Claire Serra-Wittling  1@  , Bruno Molle  1@  
1 : Institut National De Recherche en Sciences et Technologies pour l'Environnement et l'Agriculture  (IRSTEA)
Institut national de recherche en sciences et technologies pour l'environnement et l'agriculture - IRSTEA (FRANCE) : G-EAU
UMR G-EAU 361, rue JF Breton - BP 5095 34196 Montpellier Cedex 5 -  France

In order to reduce irrigation water withdrawal, the European Commission, via the EAFRD (European Agricultural Fund for Rural Development), provides grants to farmers for investments in irrigation techniques that save water (European Regulation No. 1305/2013 - Article 46, point 4). However, little is known about the real extent of water savings at plot scale resulting from change in irrigation application equipment or the adoption of scheduling devices in a given agro-pedo-climatic context.
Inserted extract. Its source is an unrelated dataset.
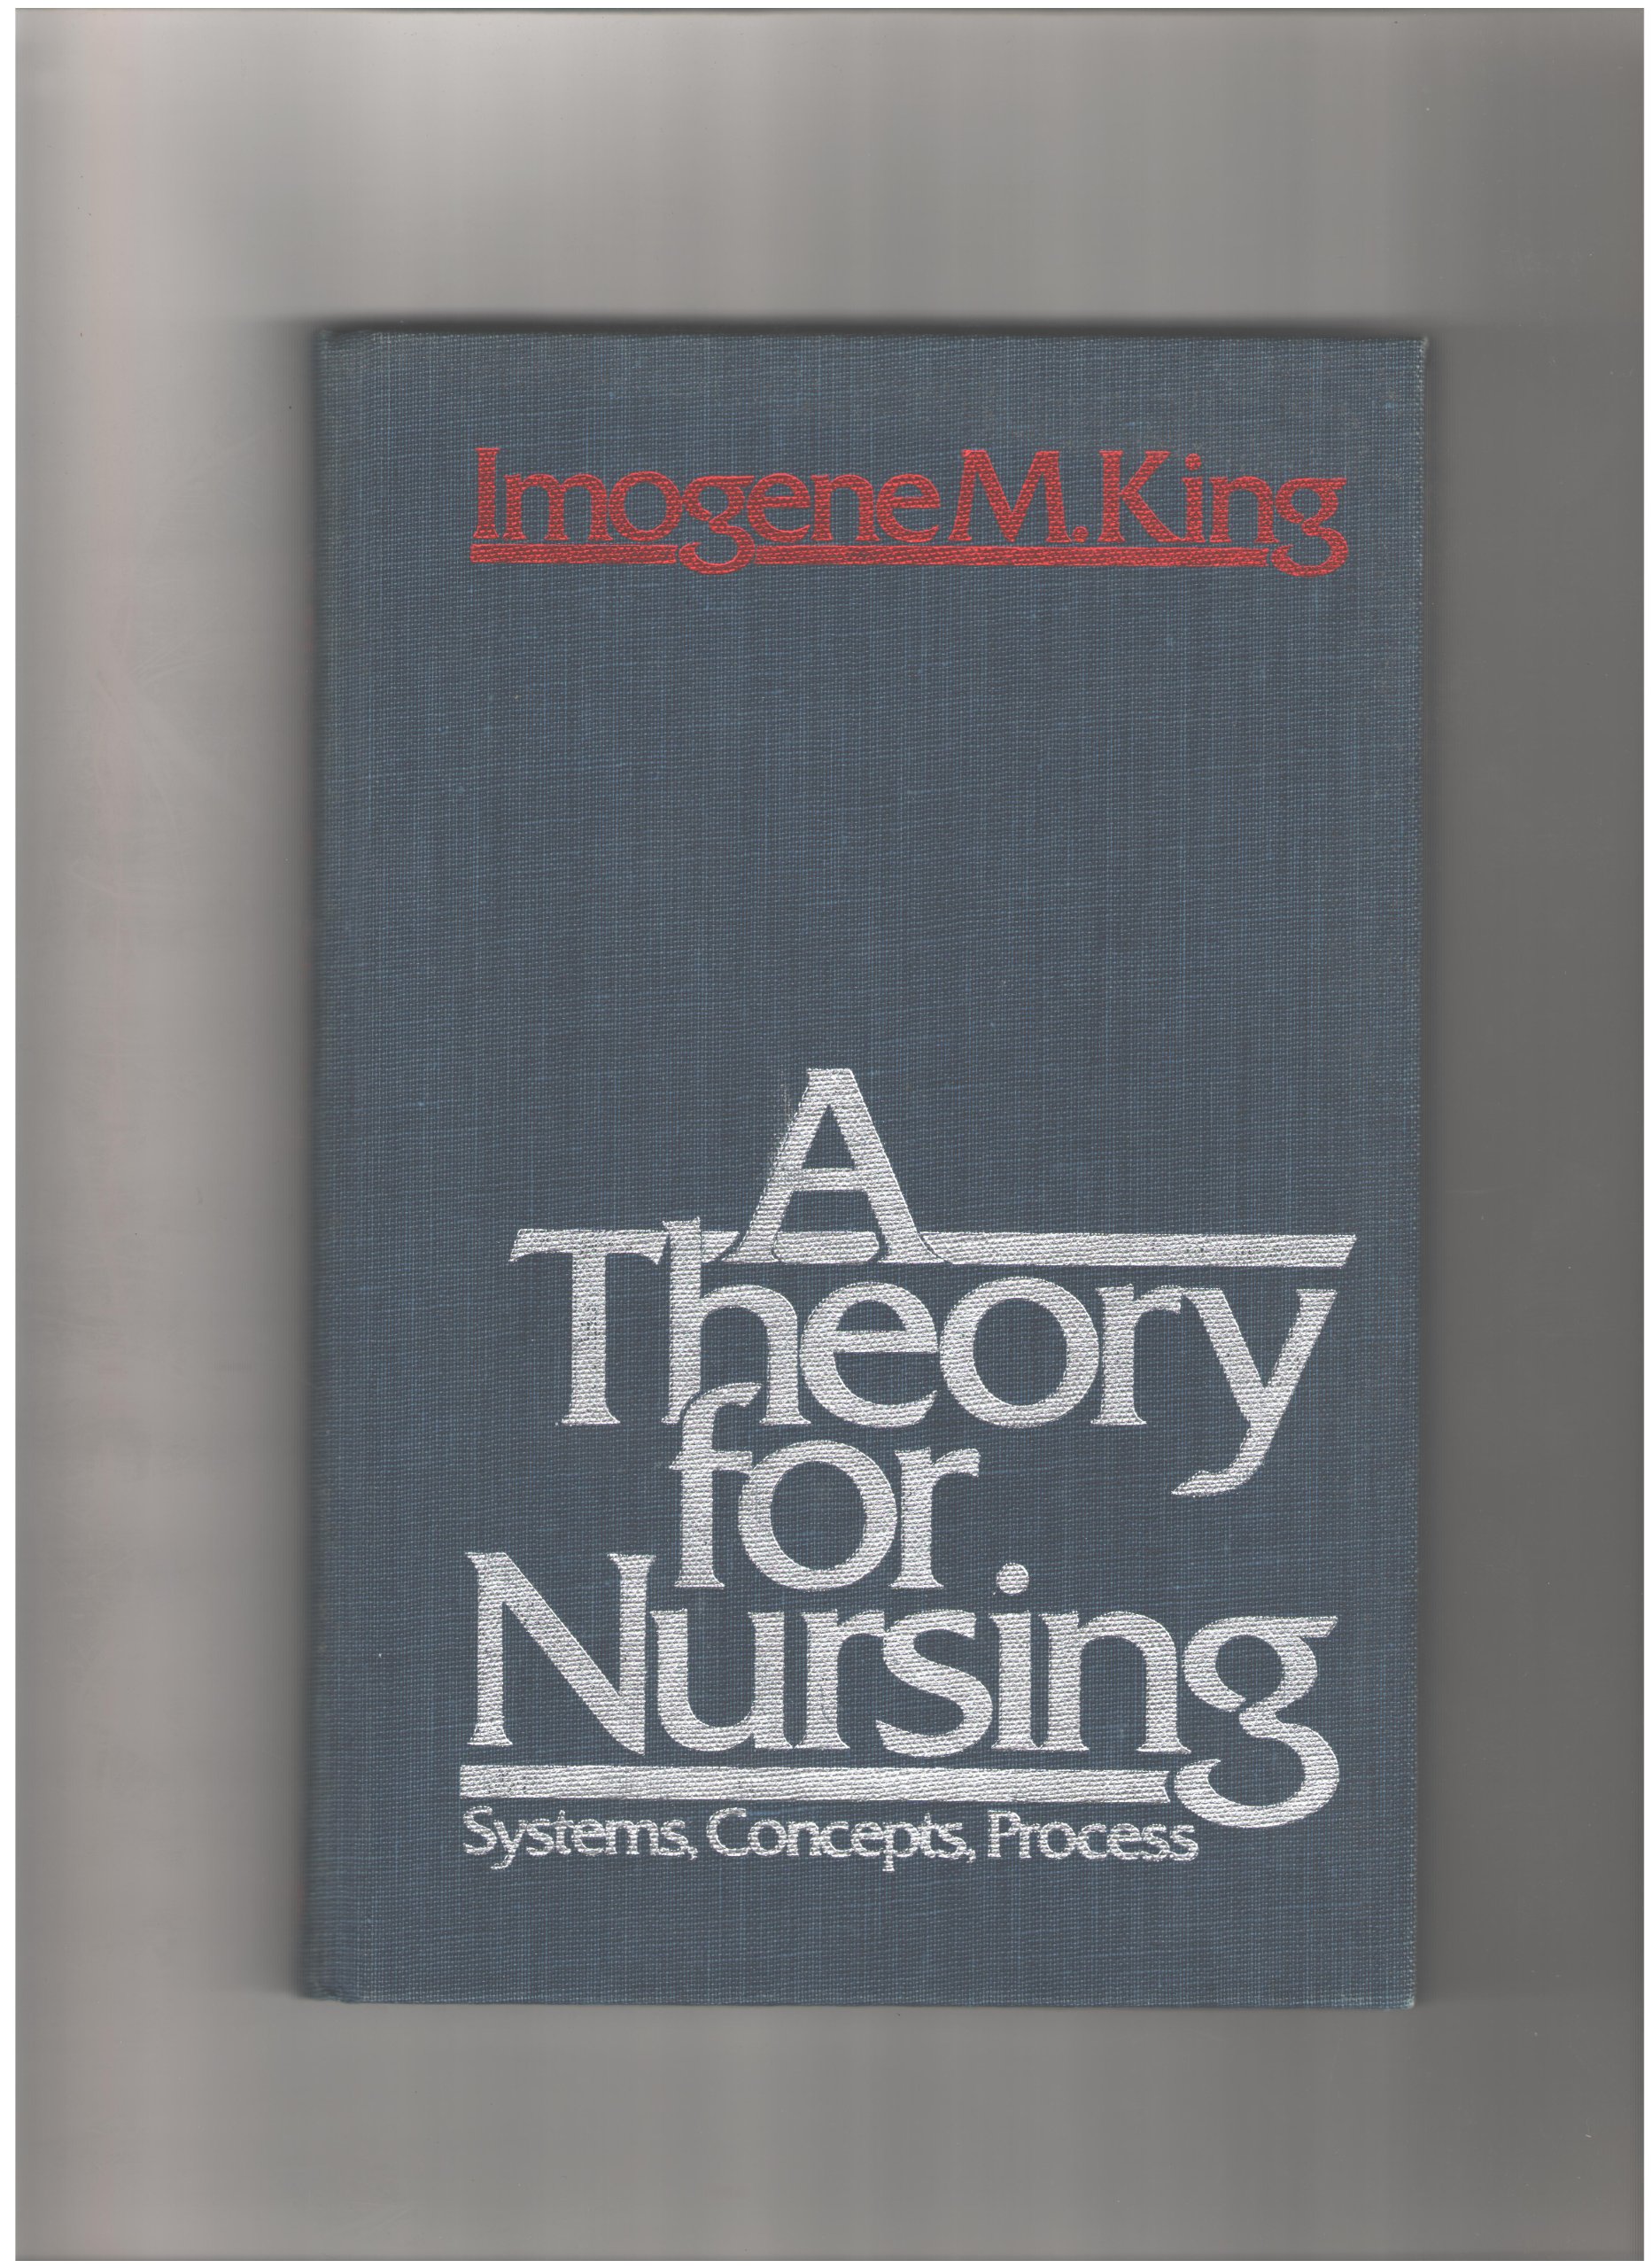 A theory for nursing: Systems, concepts, process

A study commissioned by the French Ministry of Agriculture, entitled “Plot level assessment of potential water savings achievable through the modernization of irrigation systems” was carried out by IRSTEA (French National Research Institute of Science and Technology for Environment and Agriculture). It aimed at evaluating water savings achievable by switching from sprinkler to localized irrigation system or by using soil hydric status probes. For this purpose, researchers compiled all available studies conducted over the past 30 years on the French metropolitan territory. Nearly 100 records were collected from experimental field trials representative of a wide range of pedo-climatic conditions and crops (field crops, fruit and vegetable production). Each record represents the water consumption of two different irrigation systems (sprinkler system vs localized system) or two scheduling systems (without soil probe vs with soil probe) at plot scale and is used to assess the water saving made when comparing the most water consuming system to the least consuming one.

Results show that (1) Water savings are highly variable, ranging from 0% to more than 75% of the initial consumption. (2) Water savings made with localized systems, when compared to sprinkler irrigation, significantly decrease when the hydric deficit of the cropping season increases and when soil water holding capacity rises. (3) Water savings obtained with irrigation scheduling using soil probes (when compared to scheduling without probes) seem, on the contrary, not to be influenced by hydric deficit and soil water holding capacity. The type of soil probe (tensiometric or capacitive) used has no influence on the water savings obtained.

This study highlights that water savings obtained with localized irrigation systems are highly dependent on pedo-climatic conditions, whereas those obtained with soil probes are not. From a climate change perspective, with the aim of of water saving and water extraction limitation, it is important to keep in mind that water savings potentially achievable by switching from sprinkler to localized system may be limited, even impossible, in extremely dry years. On the contrary, managing irrigation with soil probes may offer potential water savings that are less dependent on climatic conditions. Therefore, to promote water savings, it would seem advisable, that along with investments in water saving equipment, the improvement of irrigators' practices and, in particular irrigation-scheduling tools, should also be encouraged.

This frame of reference for irrigation water savings can guide public policies encouraging and financially supporting the implementation of water saving systems, not only on the subject of irrigation devices, but also on irrigation scheduling tools.